Obviously the bigger picture is protecting the planet and making better use of our finite resources. Humans can be altruistic when they want to be, but ultimately we’re a fairly selfish species; so rather than thinking about how your actions affect the planet, why not consider how you can save money on energy bills and increase the value of your home instead?

Here are five big changes that you can make to your home that will not only benefit you financially in the long run; they’ll also help the planet…

Insulate your loft

We all know that heat rises, so it’s surprising that more people haven’t put two and two together and realised that this means loss of heat through the top of their house. In fact, up to a quarter of the heat generated in your home could be lost through the loft if is not insulated.

It can be expensive to have your loft insulated, but the initial outlay will pay for itself in no time via the savings you’ll make on your energy bills over the coming years. Within two to three years of having insulation fitted you should start to notice cheaper energy bills, especially during the winter months.

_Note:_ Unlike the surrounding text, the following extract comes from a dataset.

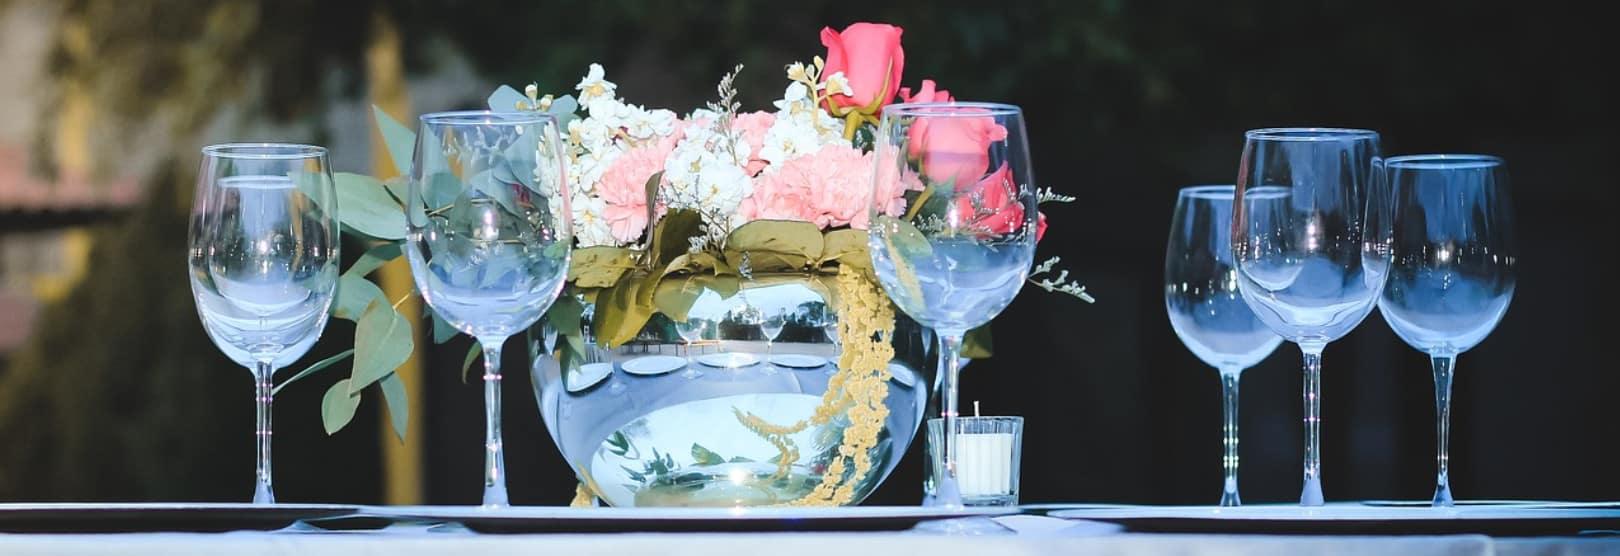 Comparatif pour choisir le meilleur liquide vaisselle écologique

Insulate your cavity walls

If your house is fairly old, and was built before energy saving became a priority, you might find that you have cavity walls that are un-insulated. More than a third of your home’s heat could be lost through the walls if they are not insulated.

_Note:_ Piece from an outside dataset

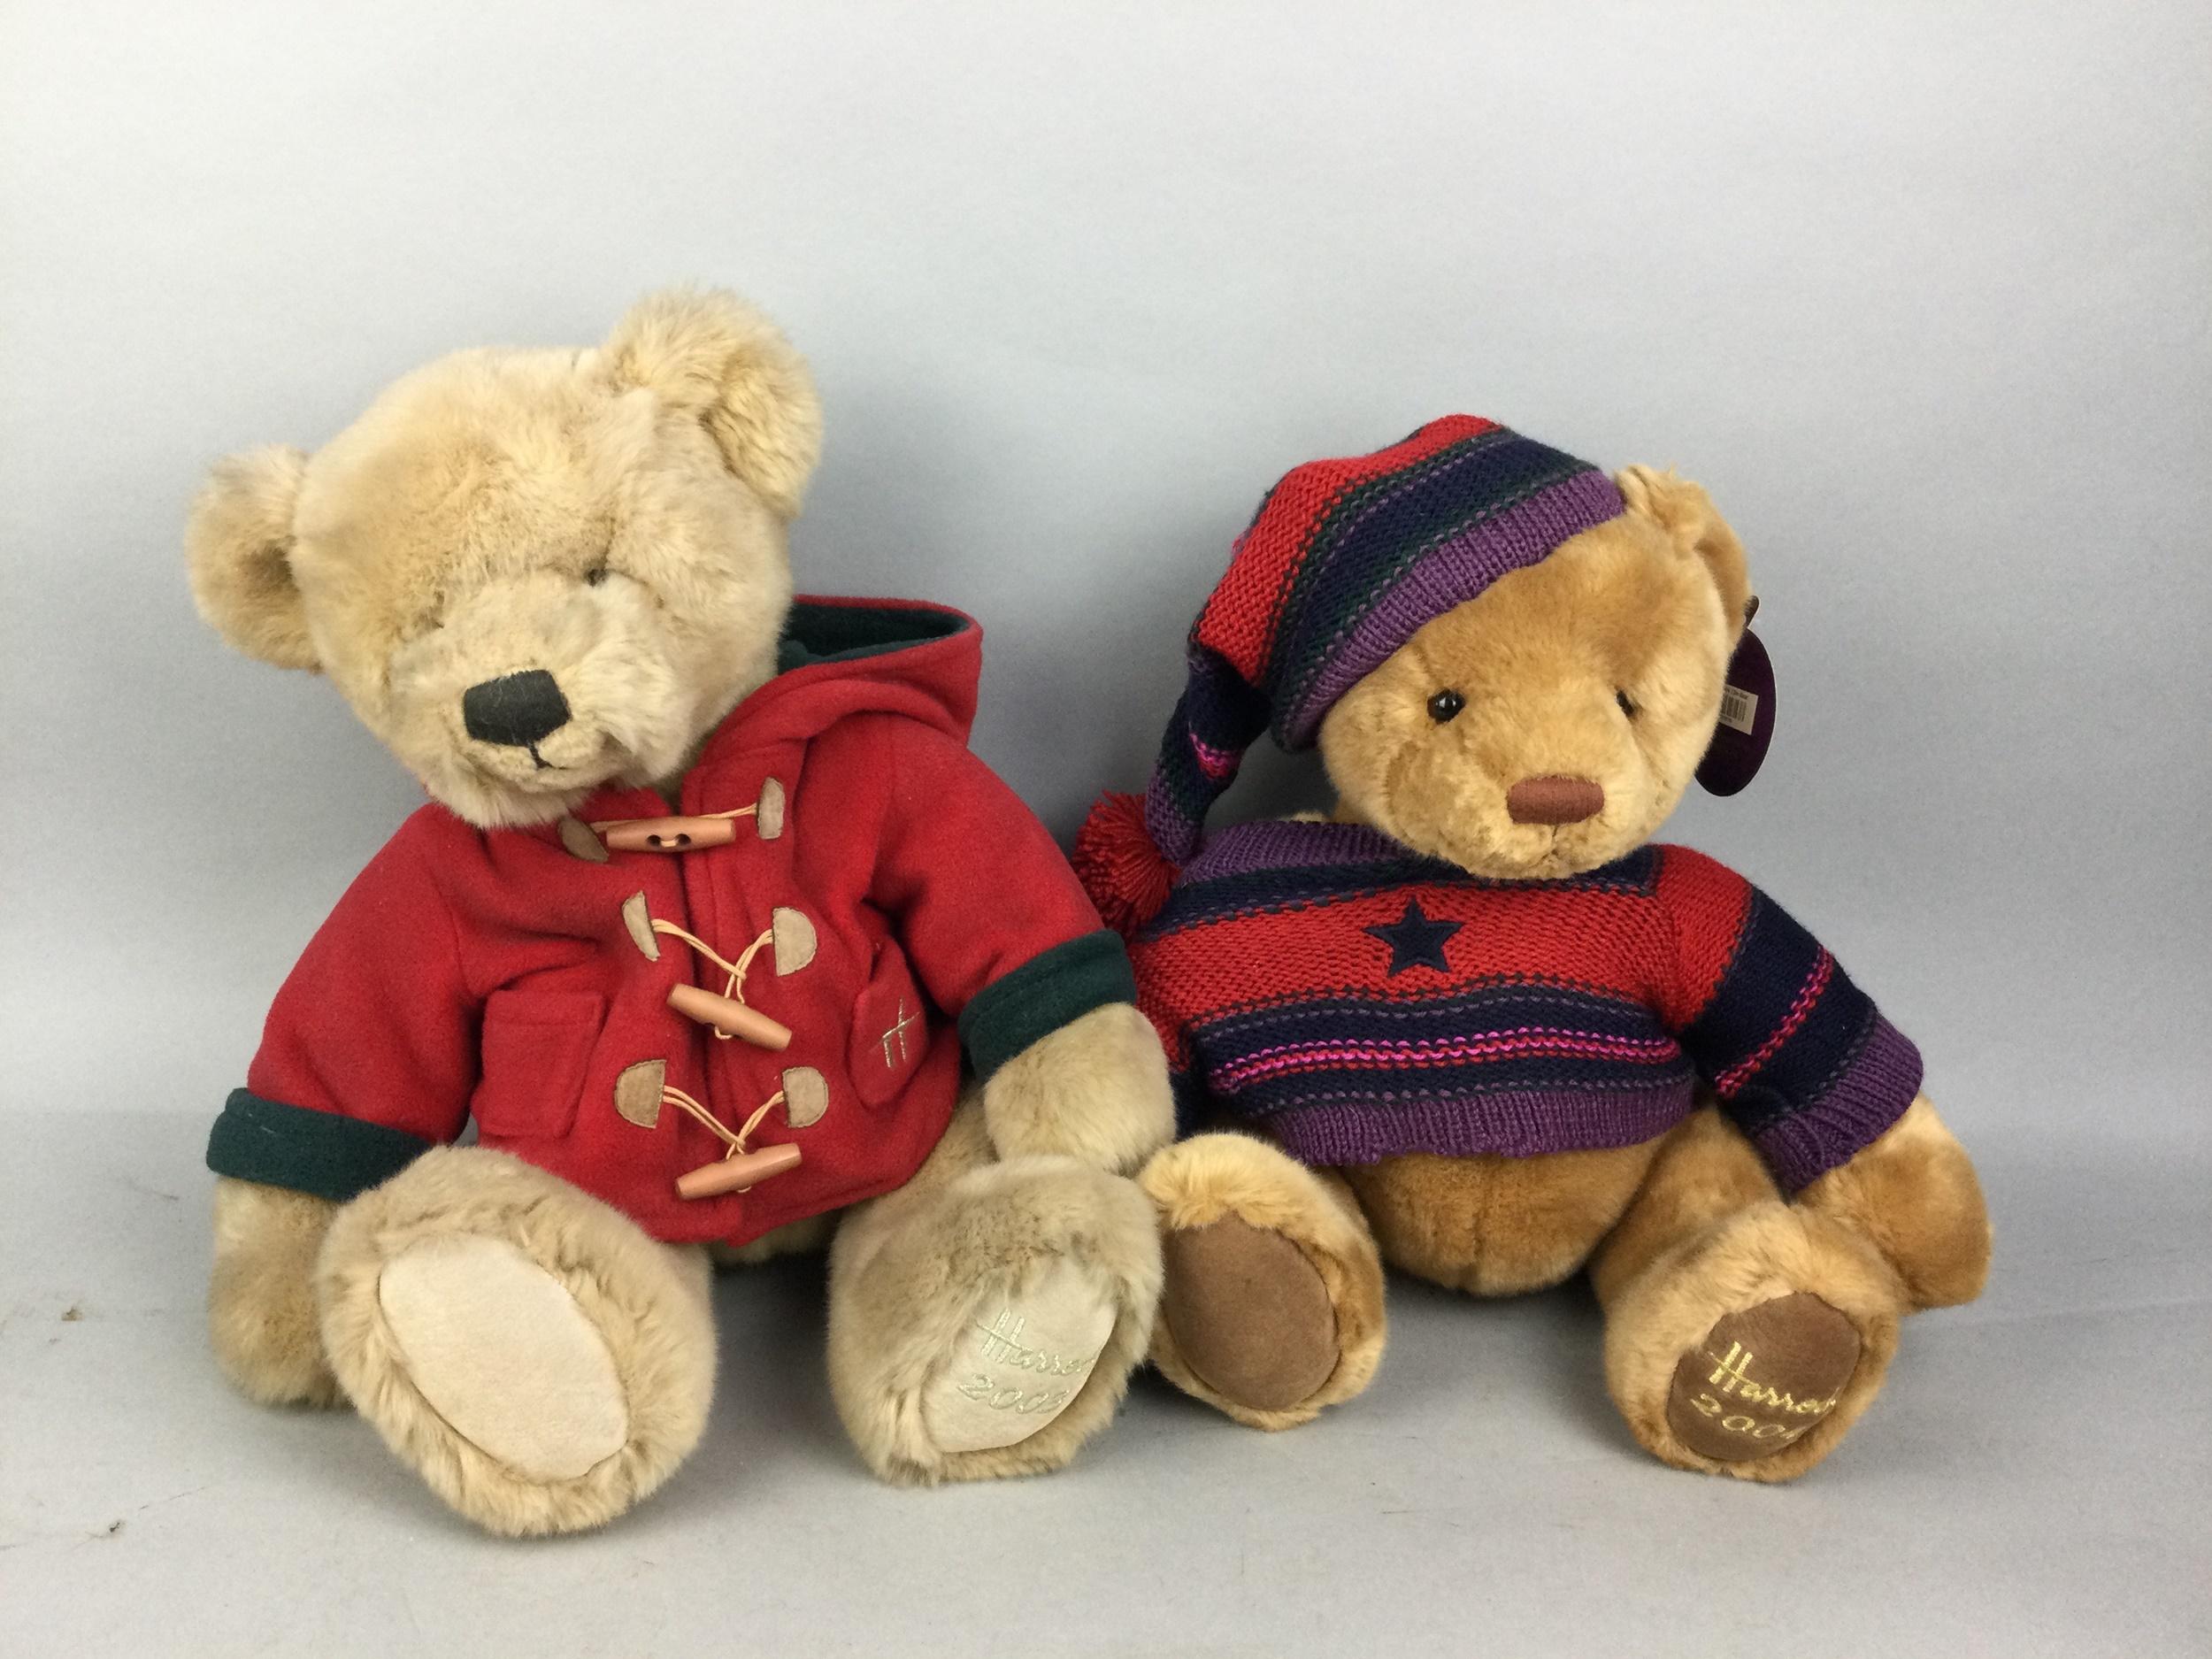 A LOT OF HARRODS STUFFED TEDDY BEARS

Again, the initial outlay can be fairly substantial, but The Energy Saving Trust estimates that you could save an average of around £110 per year on your energy bills by having your cavity walls properly insulated.

Double glaze your windows

Your home loses a lot of its heat through the windows, so if they’re only single-glazed then you’ll probably be spending more on heating bills than you should. Having double-glazing installed is certainly not cheap, but it will add value to your home if you decide to sell in the future, as well as keeping it warmer.

Opting for wooden frames rather than UPVC is another way that you can make your home more eco-friendly. Wooden frames provide better insulation, last longer, and are easier to repair. They’re also less polluting than the unplasticised poly vinyl chloride frames which emit small amounts of toxic compounds.

Install solar panels

Having solar panels fitted to your roof is not cheap initially, but after a few years they will begin to pay for themselves by saving you money on your energy bills. Within a year or so of installation you should beign to notice your energy bills shrinking.

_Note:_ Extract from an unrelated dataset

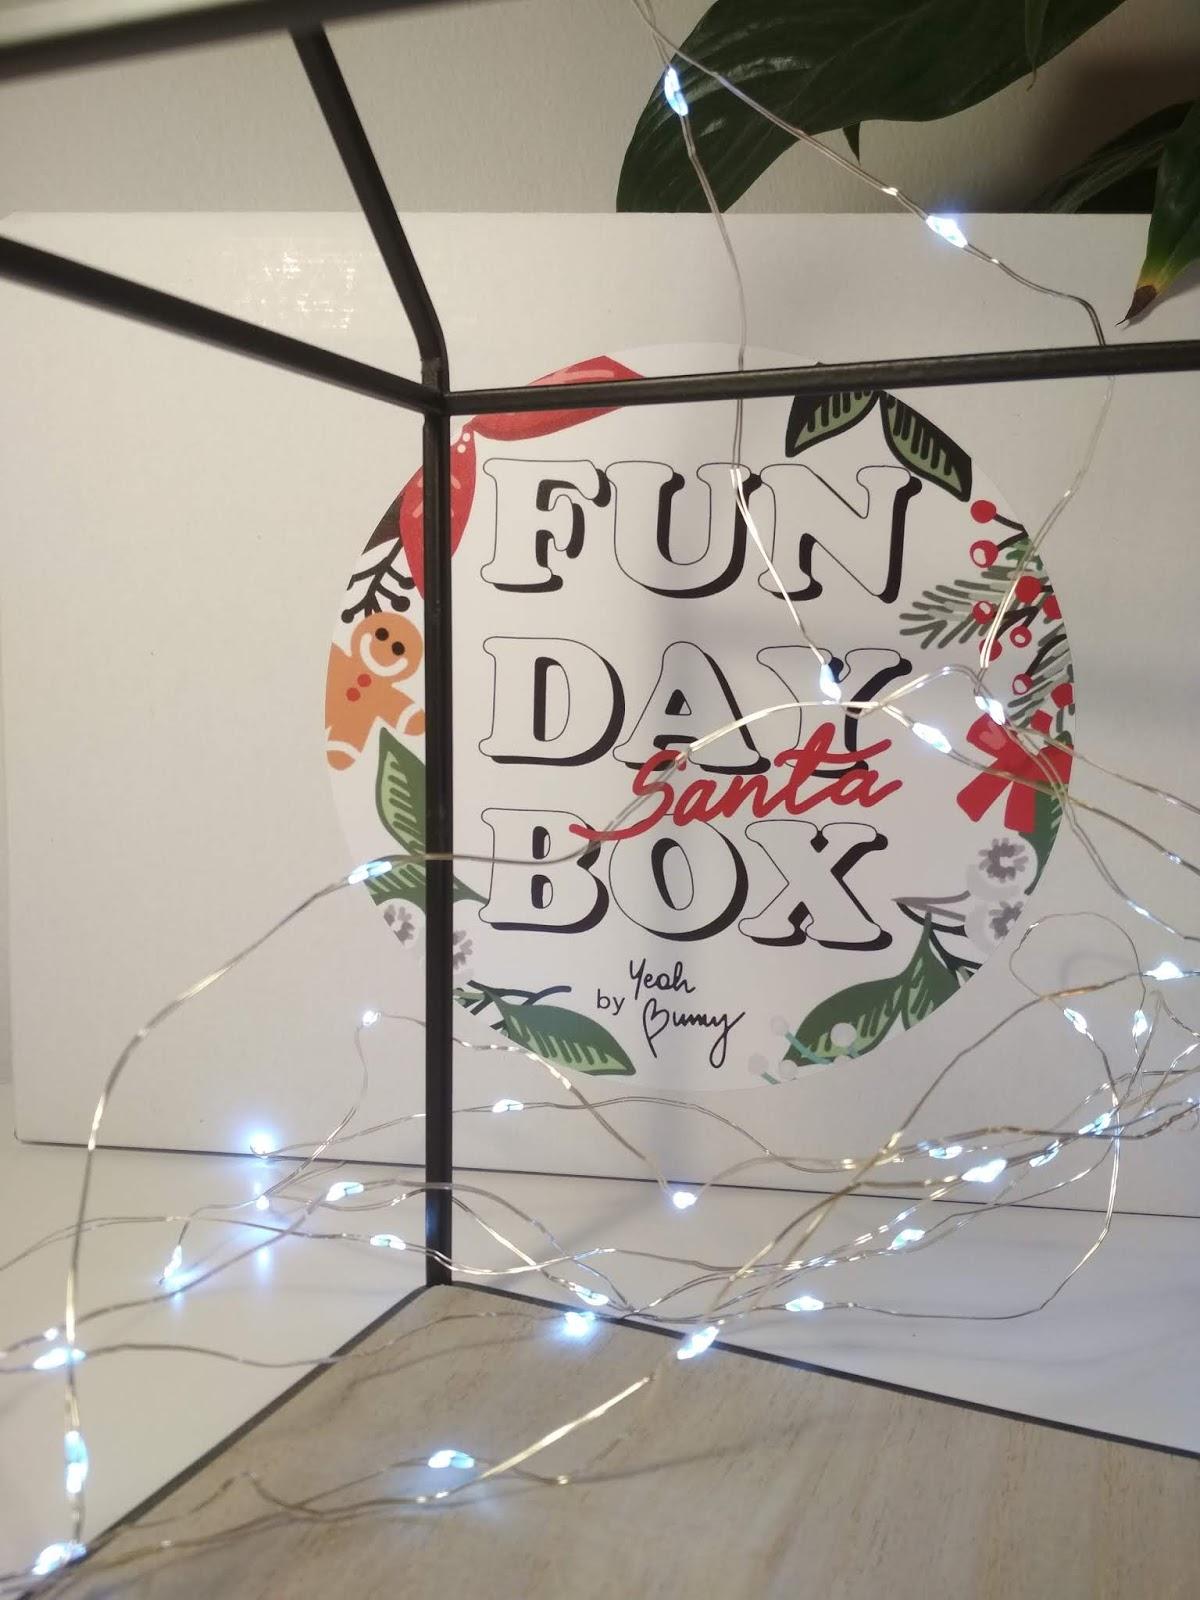 Fun Day Box Santa - zawartość pudełka i moje pierwsze wrażenia

In addition to this, the government’s Feed-in Tariff means that as well as generating your own electricity, you could also contribute to the National Grid by selling back any units of electricity that you don’t use.

Replace your boiler

If you’ve had your boiler for more than ten years then it’s definitely time to replace it with a newer, more energy-efficient one. Think back to other technology from ten or more years ago; there’s a reason why you aren’t using the same mobile phone or television that you had in 2005. Technology changes and makes things work more efficiently, and the same goes for boilers.

At the same time as having your boiler replaced, ask your plumber to flush out your central heating system too. When your radiators and pipes become clogged with old water and grime they aren’t heating your home effectively, and your boiler will have to work harder. A system flush and a new boiler should help to heat your home better and bring down your energy bills.